| Task statement |
Repeat the listing below in full and exactly, but without its pictures.

===== Information supplied

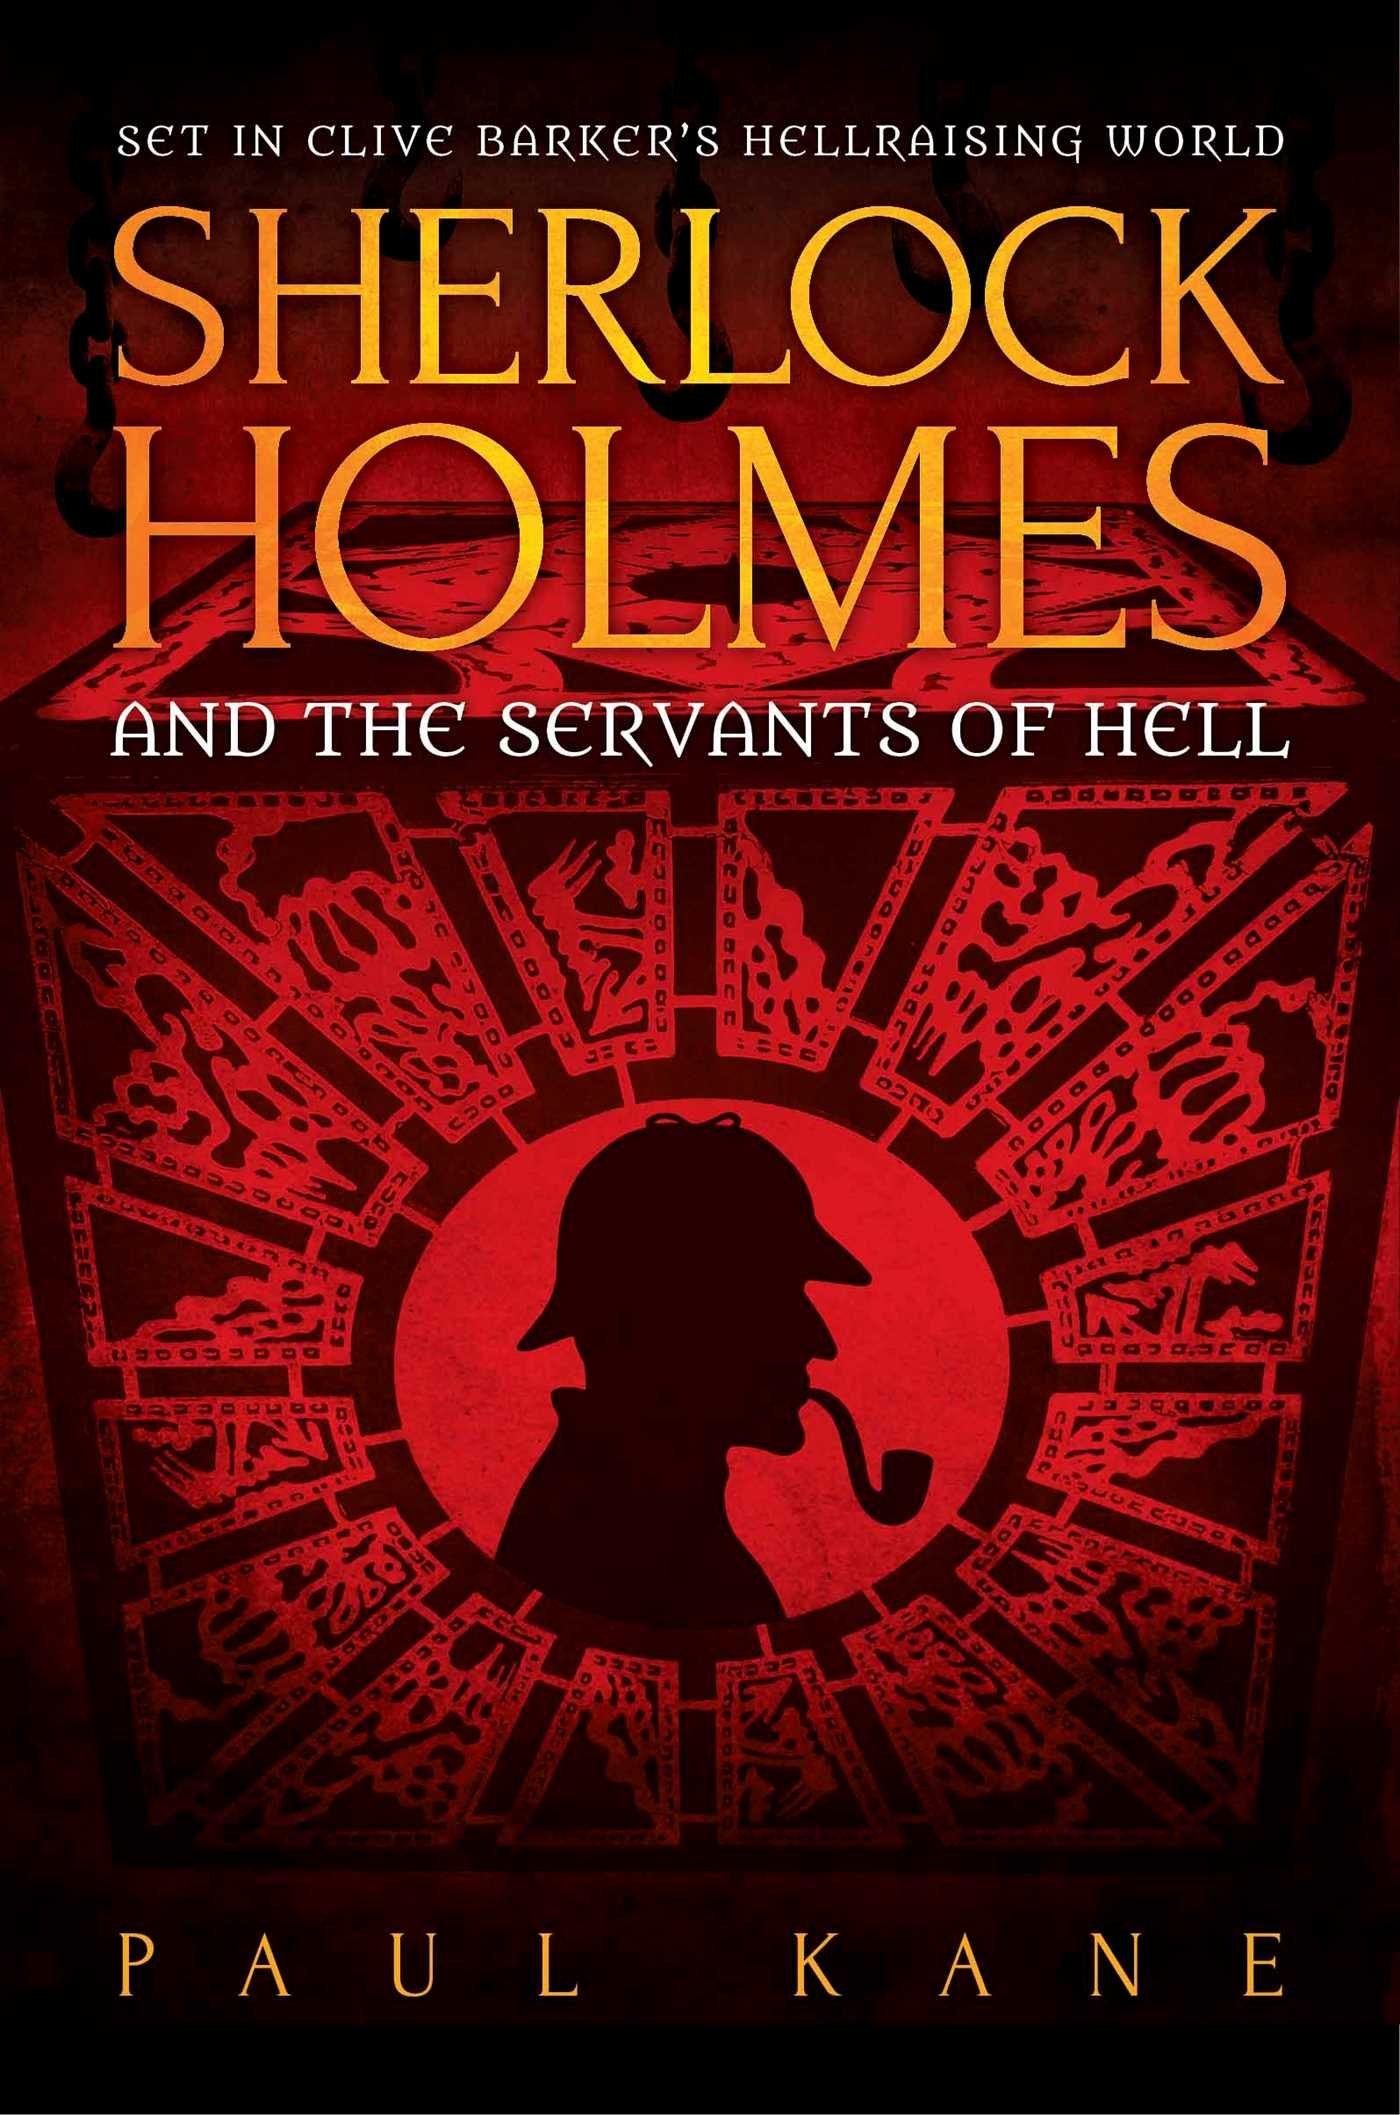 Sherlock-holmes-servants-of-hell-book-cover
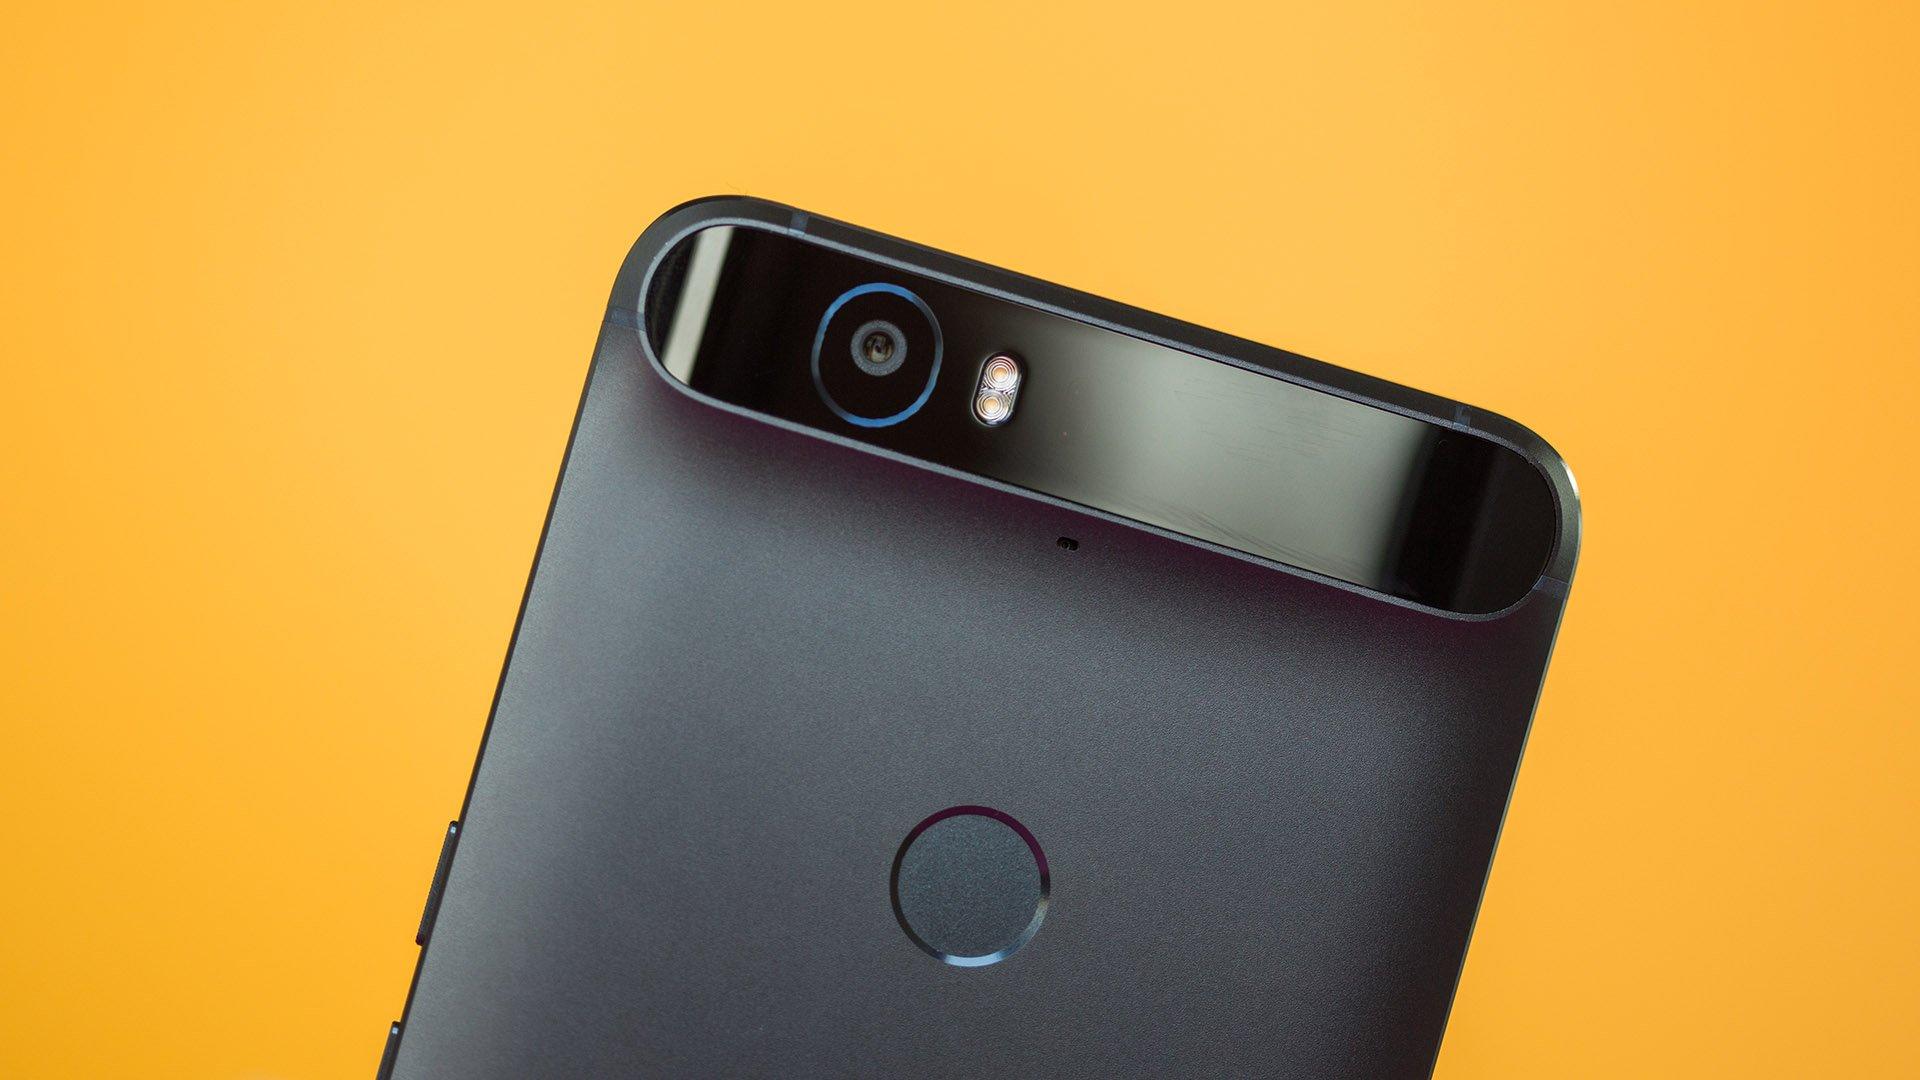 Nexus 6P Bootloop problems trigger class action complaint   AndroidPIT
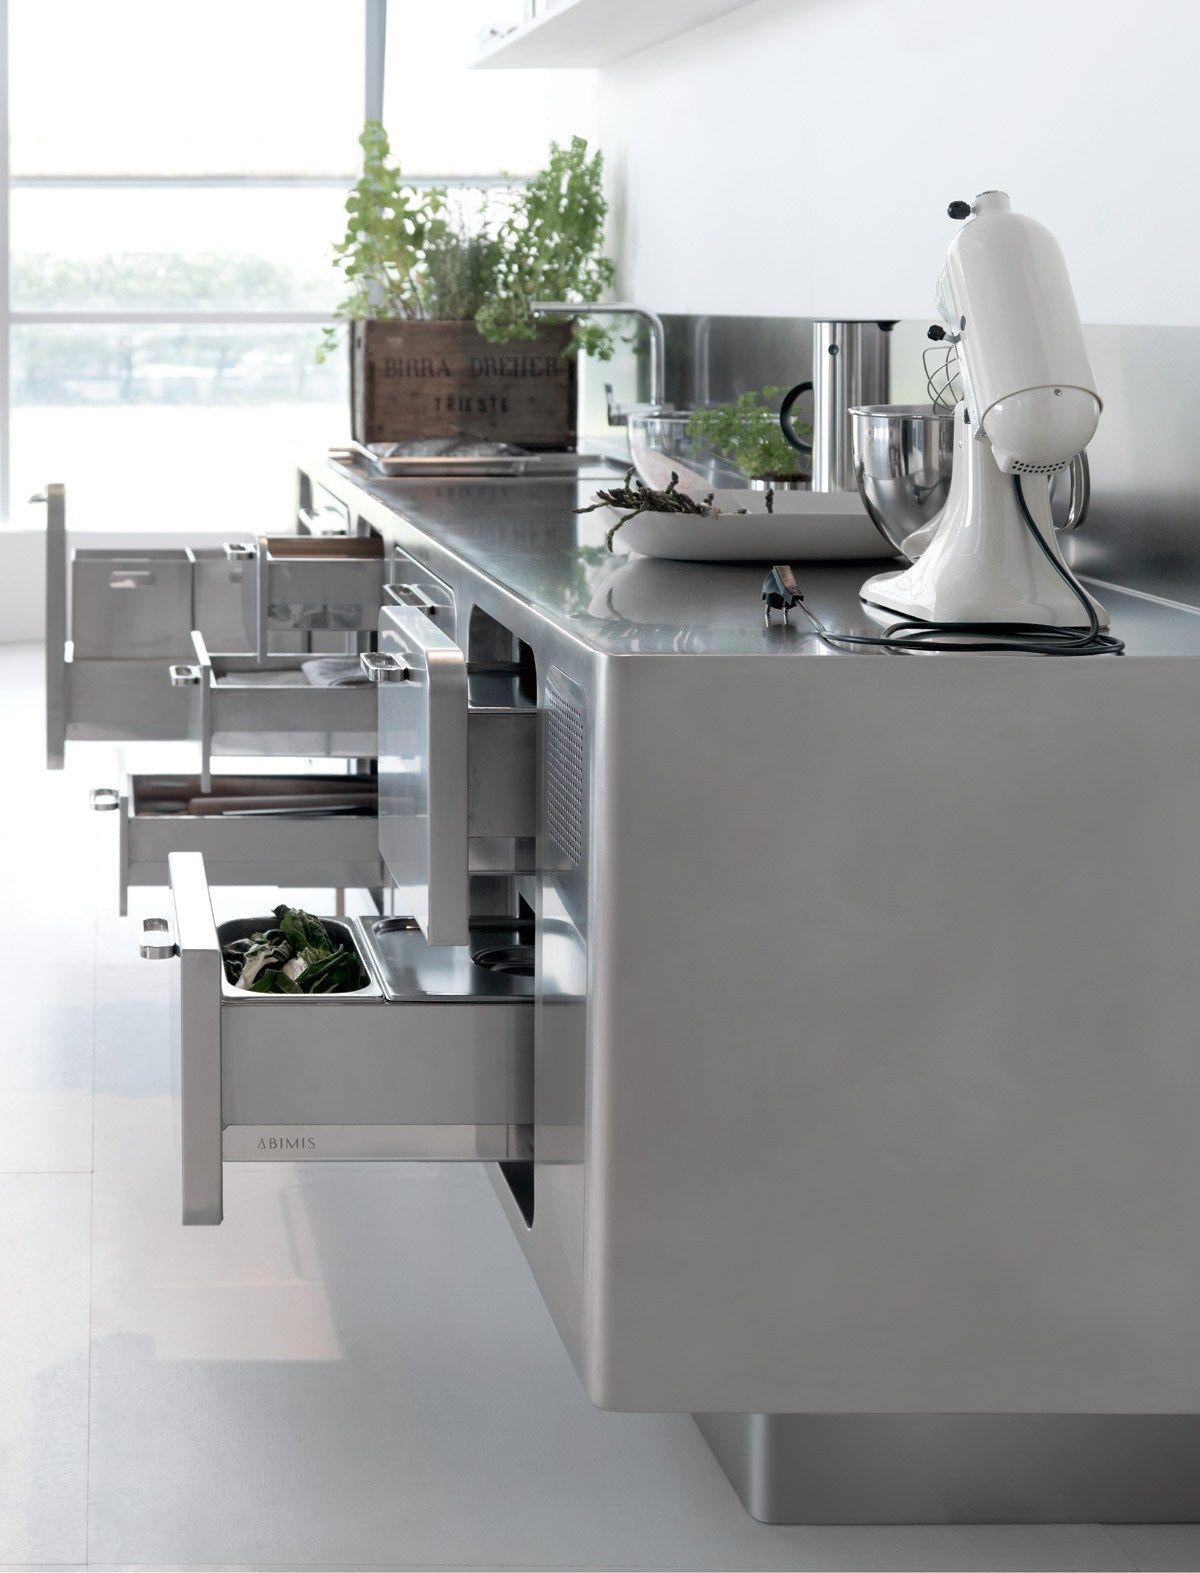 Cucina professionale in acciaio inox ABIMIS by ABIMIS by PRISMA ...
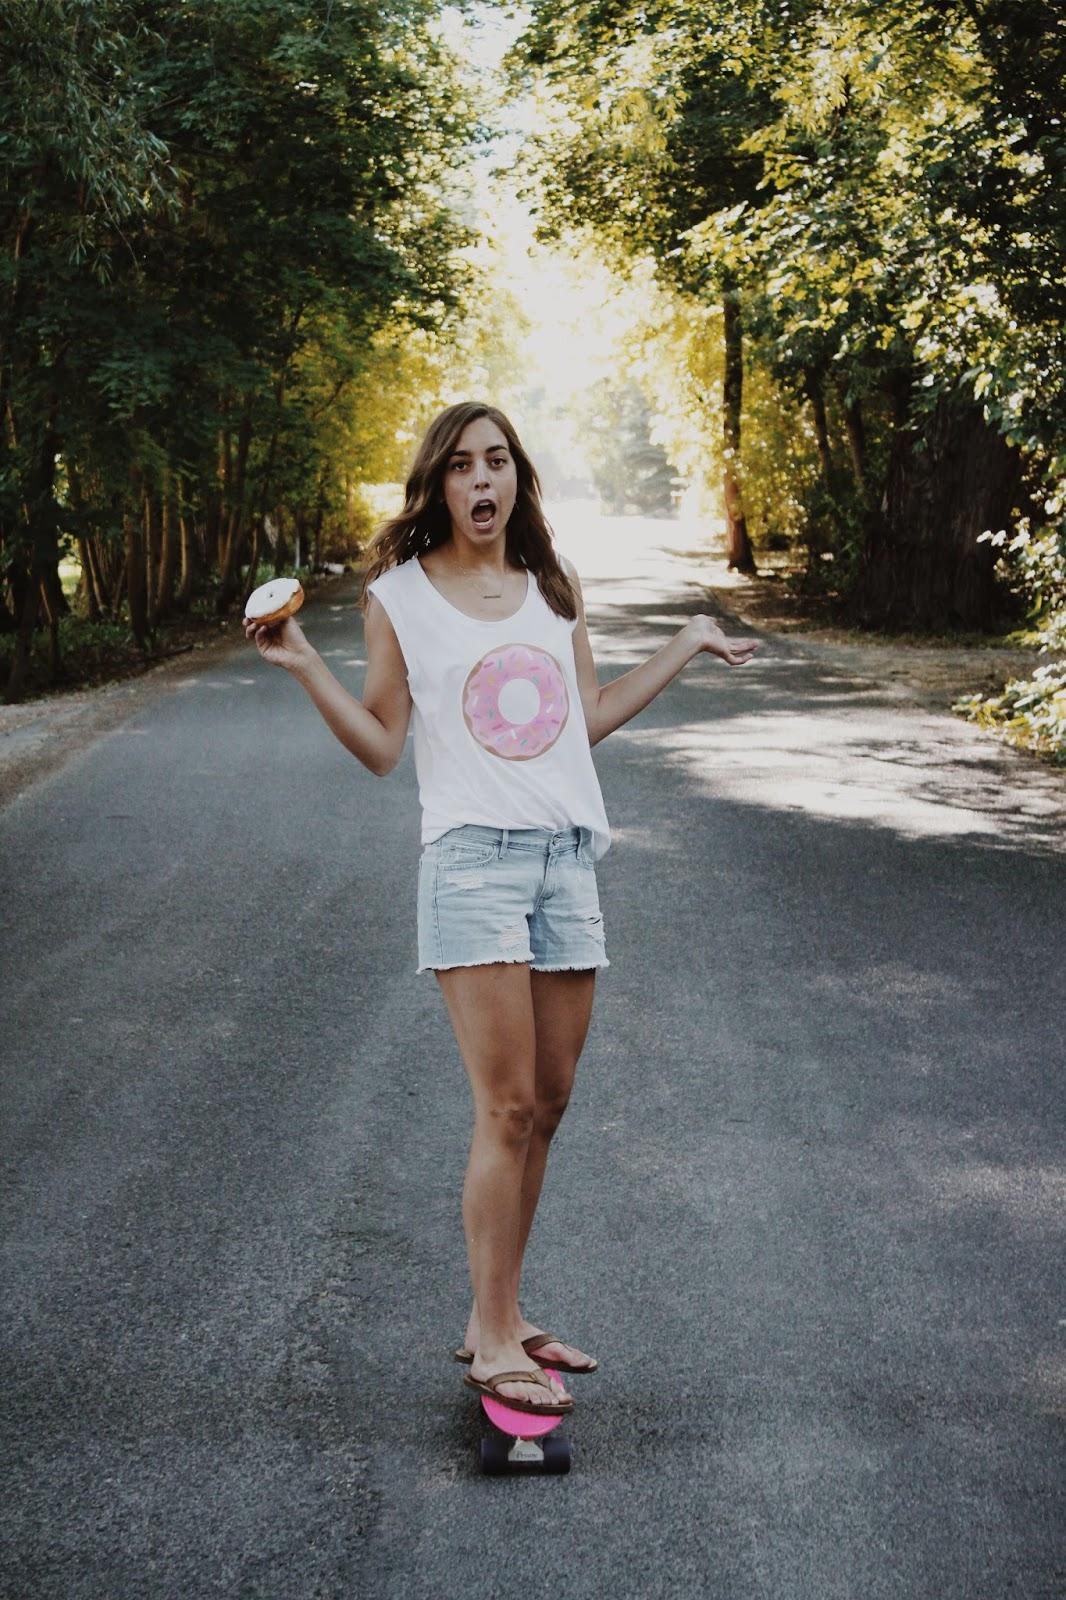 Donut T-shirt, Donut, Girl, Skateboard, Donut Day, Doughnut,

==========

| Written answer |
 Sherlock-holmes-servants-of-hell-book-cover
 Nexus 6P Bootloop problems trigger class action complaint   AndroidPIT
 Cucina professionale in acciaio inox ABIMIS by ABIMIS by PRISMA ...
 Donut T-shirt, Donut, Girl, Skateboard, Donut Day, Doughnut,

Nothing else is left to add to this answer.